In this scenario, Configuration Manager is unable to perform the above WSUS Maintenance tasks for the remote Software Updates Points using a Windows Internal Database. This issue occurs because Windows Internal Database doesn't allow remote connections. You'll see the following errors in the WSyncMgr.log on the site server:

Indexing Failed. Could not connect to SUSDB.
SqlException thrown while connect to SUSDB in Server: <SUP.CONTOSO.COM>. Error Message: A network-related or instance-specific error occurred while establishing a connection to SQL Server. The server was not found or was not accessible.
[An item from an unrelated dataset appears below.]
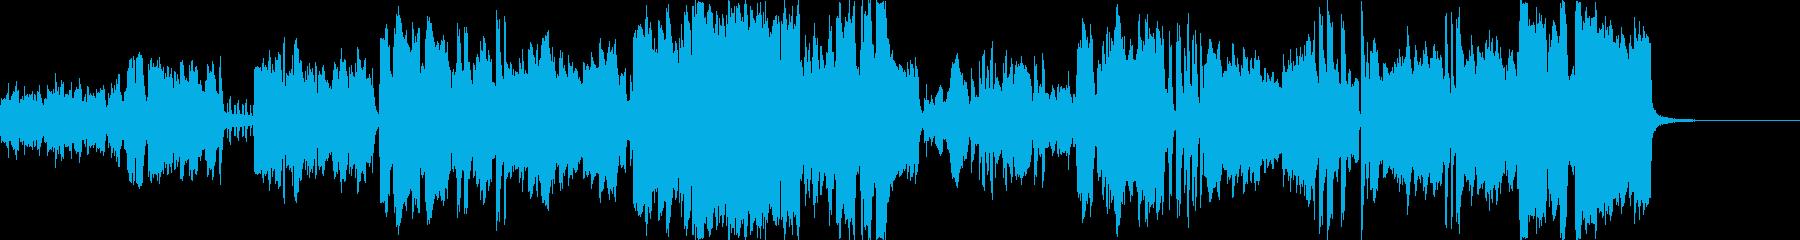 サックスが洒落てリズミカルなジャズ風の再生済みの波形

Verify that the instance name is correct and that SQL Server is configured to allow remote connections. (provider: Named Pipes Provider, error: 40 - Could not open a connection to SQL Server)
...
Could not Delete Obselete Updates because ConfigManager could not connect to SUSDB: A network-related or instance-specific error occurred while establishing a connection to SQL Server. The server was not found or was not accessible. Verify that the instance name is correct and that SQL Server is configured to allow remote connections. (provider: Named Pipes Provider, error: 40 - Could not open a connection to SQL Server) UpdateServer: <SUP.CONTOSO.COM>

To work around the issue, you can automate the WSUS maintenance for the remote software update points using a Windows Internal Database. For more information and detailed steps, see The complete guide to Microsoft WSUS and Configuration Manager SUP maintenance.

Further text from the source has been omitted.